Fear not, for I have
redeemed you;
I have called you by
your name;
You are mine.
When you pass through
the waters, I will be with you;
And through the rivers,
they shall not overflow you.
For I am the Lord your
God, your Savior.
Isaiah 43
A blog or so back, I told my story of rebellion
against God and His grace and rescue, but the end of that blog post was not the
end of the story. Here’s an embarrassing admission; sometimes I wonder if
people look at me and think I have it all, because I do – I have a wonderful husband, two adorable (and mostly well-behaved)
children, a great job in a profession I love and have always wanted to
practise. I have so many amazing friends and an extended family that are all
still together and successful themselves. I don’t seem to struggle with my
weight and am often complimented on my clothes or my hair. (Are you puking
yet?) Hold on though, this is just my objective assessment of what my life may look like from the
outside. But I’m going to tell you the inside, and it’s not pretty.
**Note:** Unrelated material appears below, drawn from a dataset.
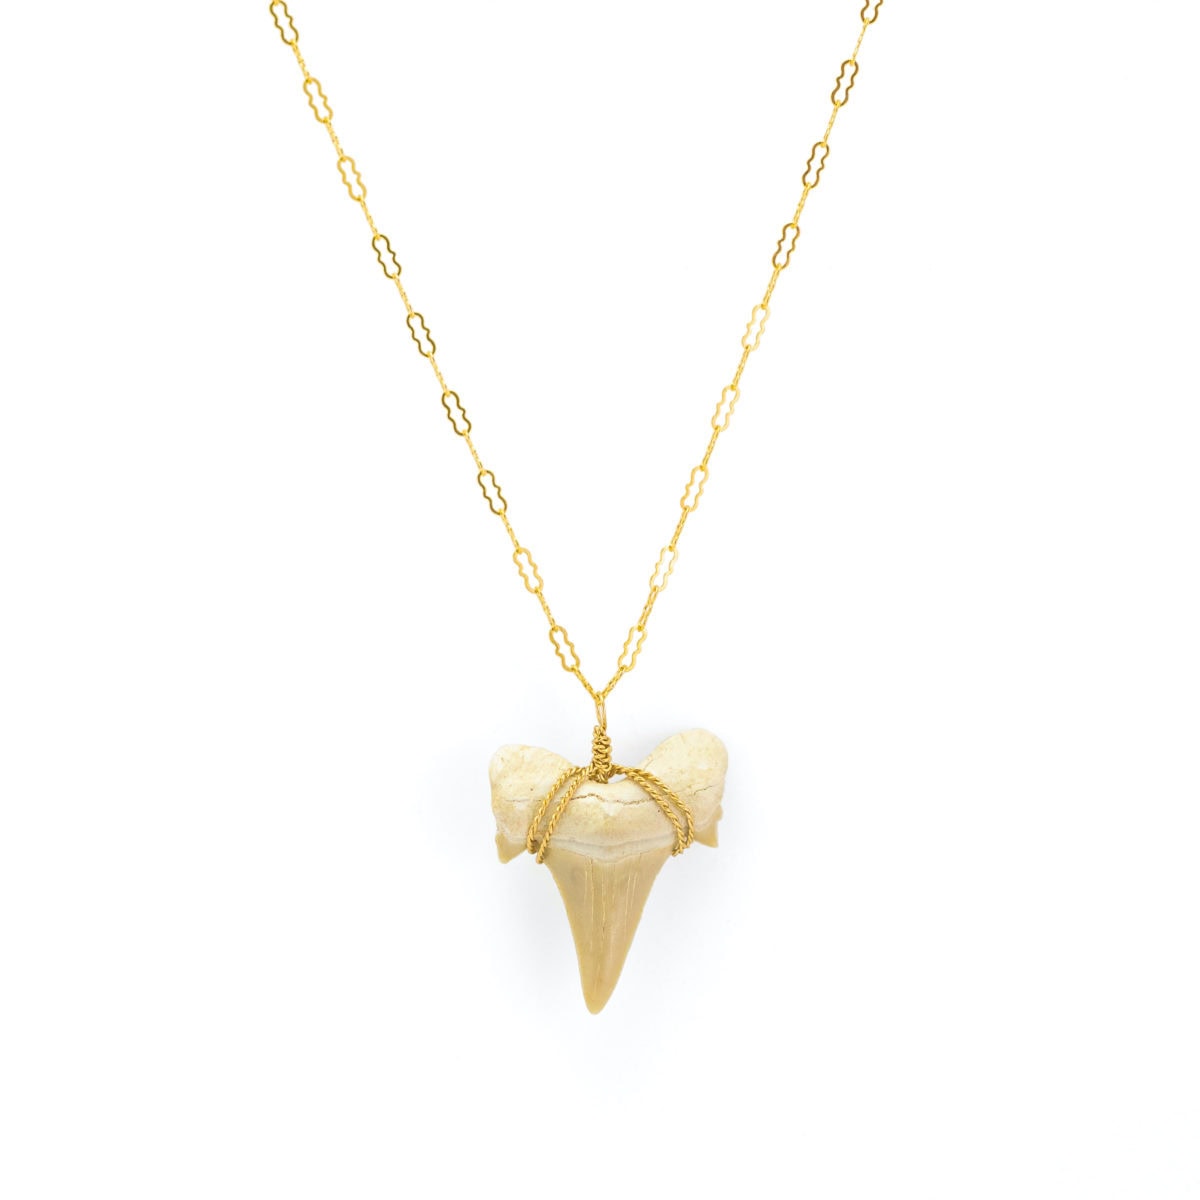 Forgetting Sarah Marshall Shark Tooth Necklace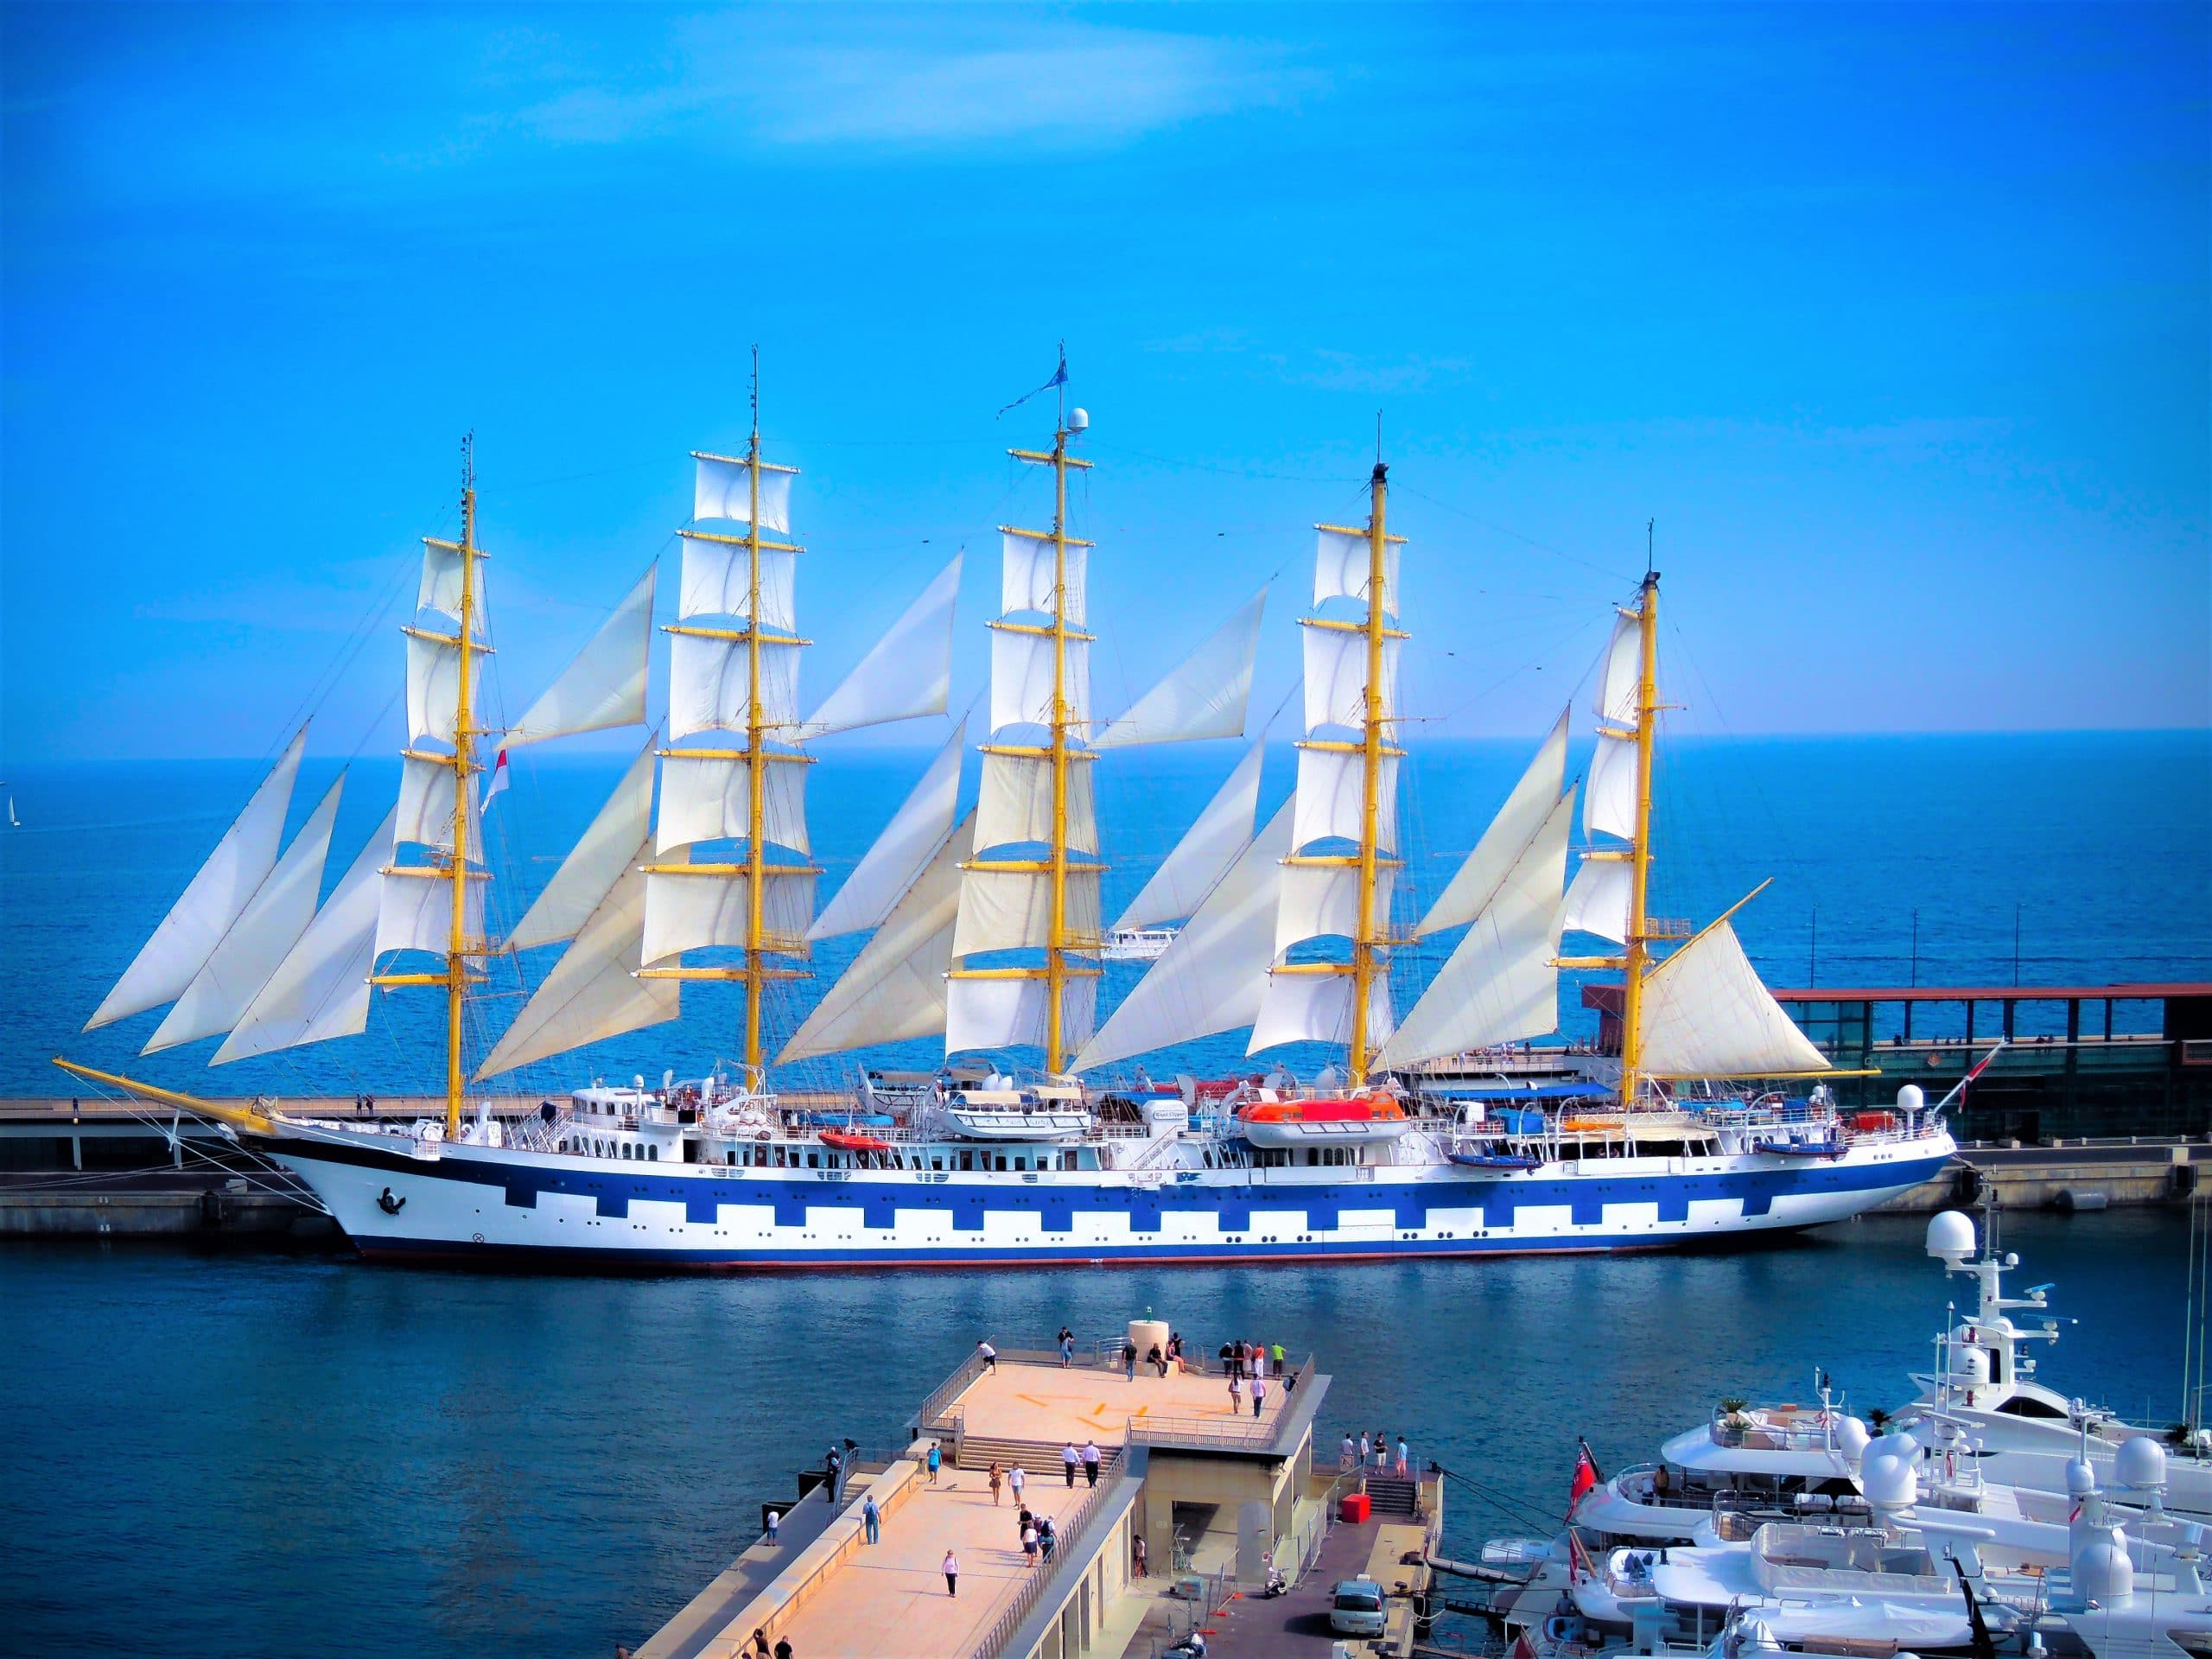 The World's Largest Full-Rigged Sailing Ship (21 Photos) » TwistedSifter

Last July, I was diagnosed with depression. This
is my story.
Since our twins were born, I have had
difficulty sleeping. I have a great doctor who has been walking me through this
struggle and so when I came into his office and told him that I thought I may
be suffering from depression, he took the time to ask me again my responses to
a series of questions. When he got to
the one that asked, “do you feel others would be better off without you?”, I
paused, thought of my sweet boys and my gentle husband and sobbed as I
answered, yes.
I will never forget that moment. It was the
answer I was so afraid to admit because I genuinely believed it was true. You
see, I didn’t know I was depressed. My depression didn’t look like what I
thought depression would look like. I didn’t have trouble getting out of bed or
rendered unable to try. Not at all. I was DRIVEN. Hounded, trying, striving, working, desperately attempting to PROVE that I was
not the things that I felt – a failure, disgusting, full of guilt and shame, a
person that others would be better off without.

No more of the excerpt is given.